> **SOURCE DATA**:
════════
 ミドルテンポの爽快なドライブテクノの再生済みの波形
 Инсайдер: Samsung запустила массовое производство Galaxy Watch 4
════════
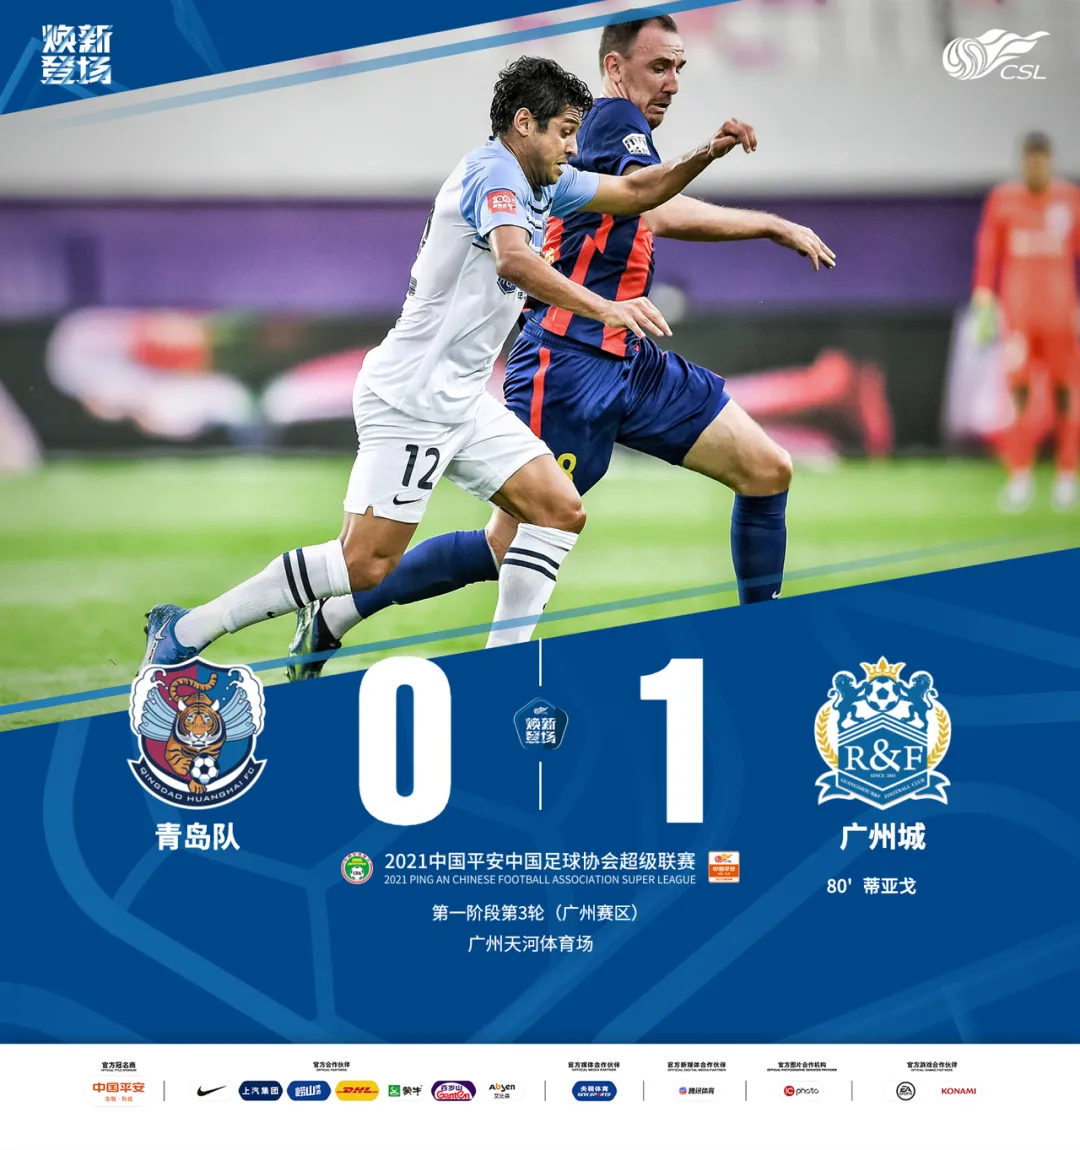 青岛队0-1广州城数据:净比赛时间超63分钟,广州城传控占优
════════
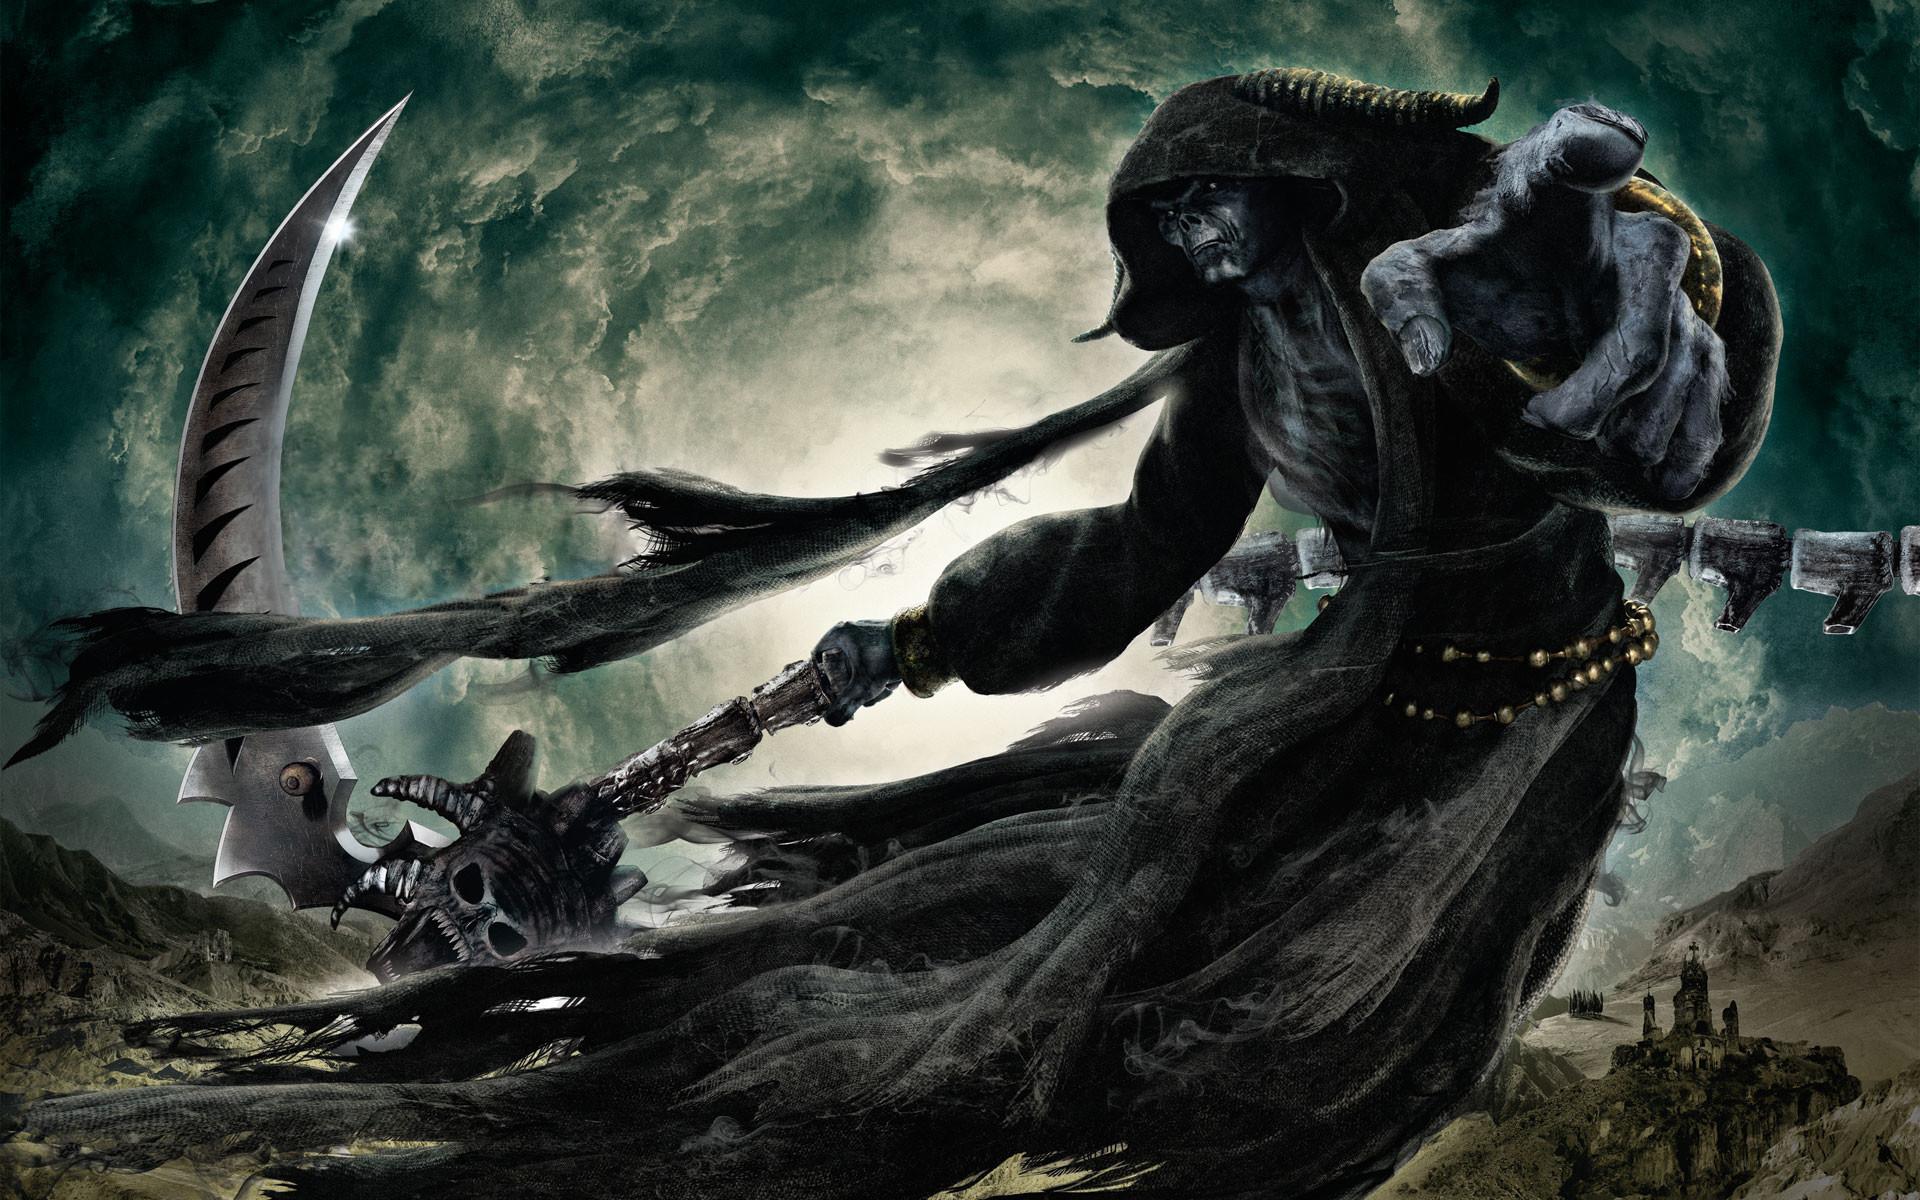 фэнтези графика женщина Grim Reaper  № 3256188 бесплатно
════════
A word-for-word copy of the lines above from the one with "ミドルテンポの爽快なドライブテクノの再生済みの波形" through the one with "Инсайдер: Samsung запустила", inclusive, is the only output wanted.

 ミドルテンポの爽快なドライブテクノの再生済みの波形
 Инсайдер: Samsung запустила массовое производство Galaxy Watch 4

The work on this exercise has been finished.